What is in This Collection?
These records include the 1861 census for the province of Nova Scotia. The census day was March 30, 1860.
Census takers were asked to record information about all those who were in each household on the census day, as well as any who have died since that day. A census taker might have visited a house on a later date, but the information he collected was supposed to be about the people who were in the house on the census day. Enumeration was by census district.
Census districts were voting districts, not counties, although most have the same names as counties. For the most part, census districts were synonymous with cities and counties, and sub districts were synonymous with towns, townships, and city wards. Villages, small towns, and parishes were generally enumerated as part of the township in which they were located. Census district and county boundaries were not always the same, and there were many variations from location to location. Canadian census records were taken to enumerate the population for representation, taxation, and other purposes.
What Can These Records Tell Me?
Census records may contain the following information:
- Marital status
- Family members
How Do I Search This Collection?
You can search the index or view the images or both. To begin your search it is helpful to know:
- The name of your ancestor
- The name of a relative or date of the event
Search the Index
How Do I Analyze the Results?
Compare each result from your search with what you know to determine if there is a match. This may require viewing multiple records or images.
|More images are available in the FamilySearch Catalog at Nova Scotia Census, 1861. Click on camera icon to see images.|
What Do I Do Next?
I Found the Person I Was Looking For, What Now?
- Cite the record. See below for help citing this collection.
- Look at an image of the original record. The original may contain information that was not recorded in the index. To find a copy of the original record, visit the Public Archives, Halifax page.
- To help keep track of your research, you may want to keep a research log. FamilySearch has an example example research log which you can download..
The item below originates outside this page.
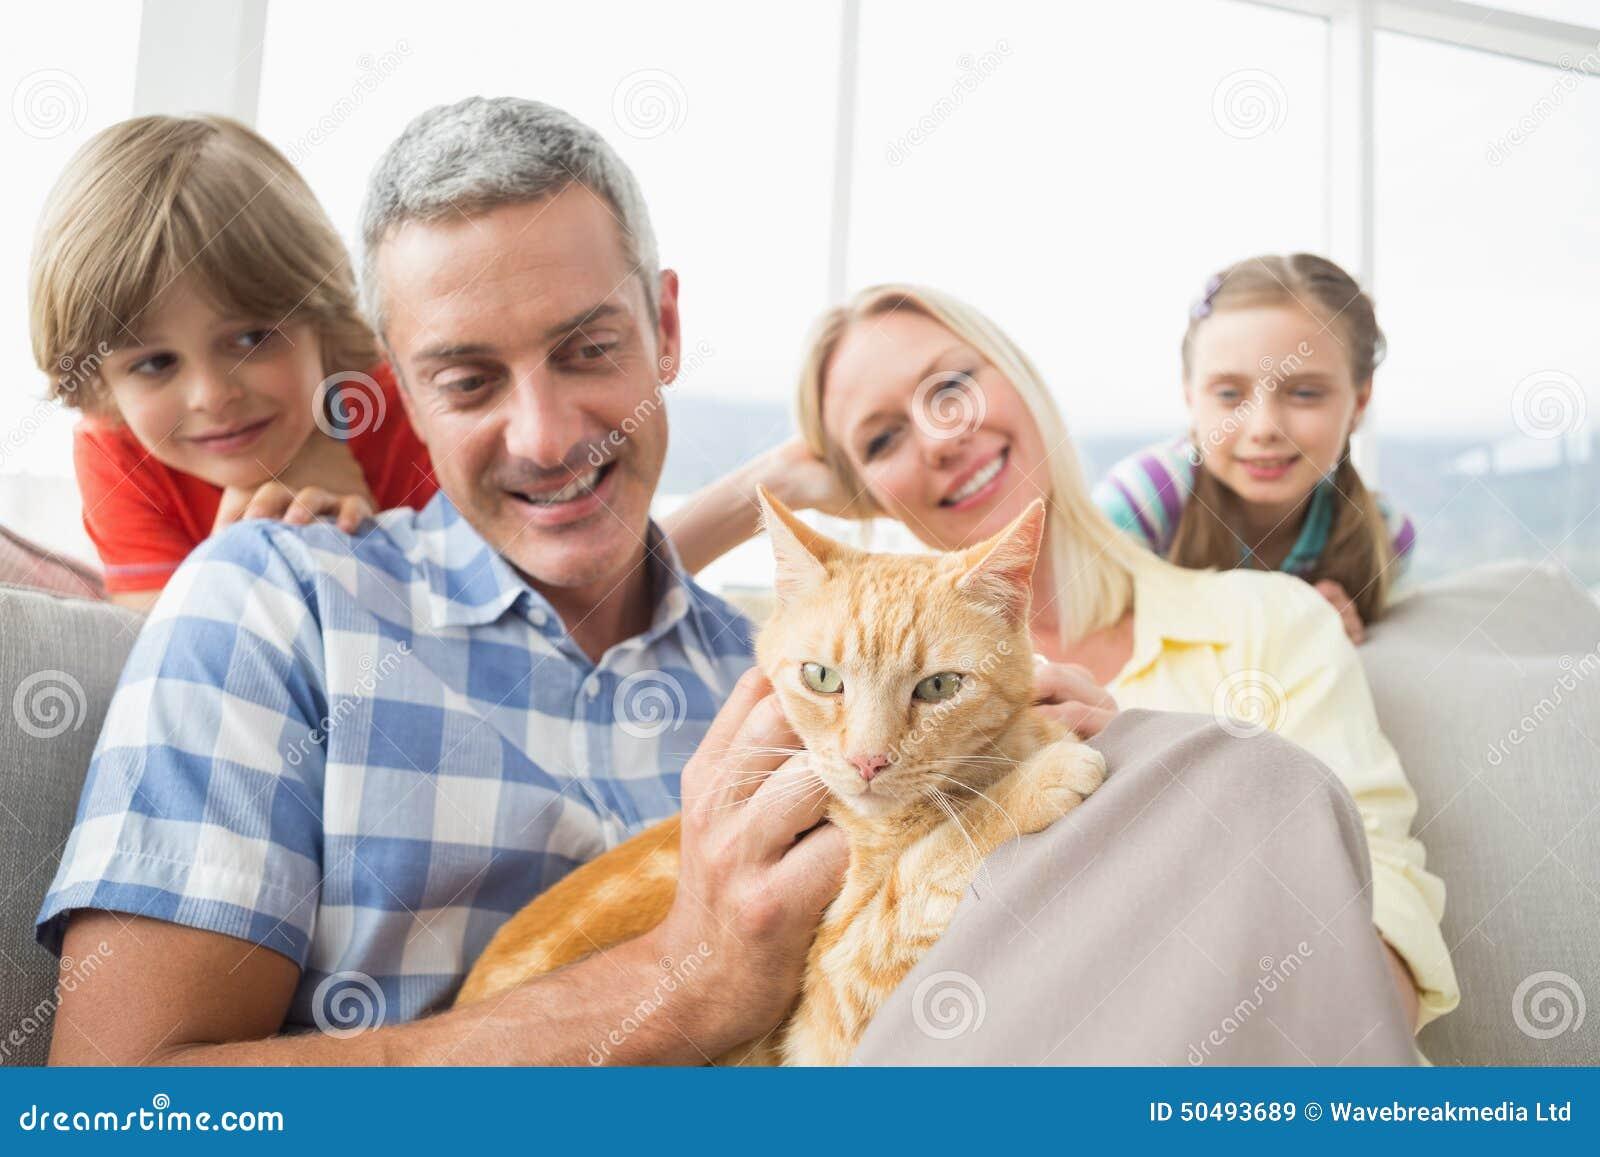 Οικογενειακή συνεδρίαση με τη γάτα στον καναπέ στο σπίτι

- Church Records often were kept years before government records were required and are a good source for finding ancestors before 1900.
I Can’t Find the Person I’m Looking For, What Now?
- If your ancestor does not have a common name, collect entries for every person who has the same surname. This can help you find possible relatives.
- Search the records of nearby areas
- Check for other names. An individual might appear under an unexpected name for a variety of reasons:
- - They might have been listed under a middle name, nickname, or abbreviation of their given name.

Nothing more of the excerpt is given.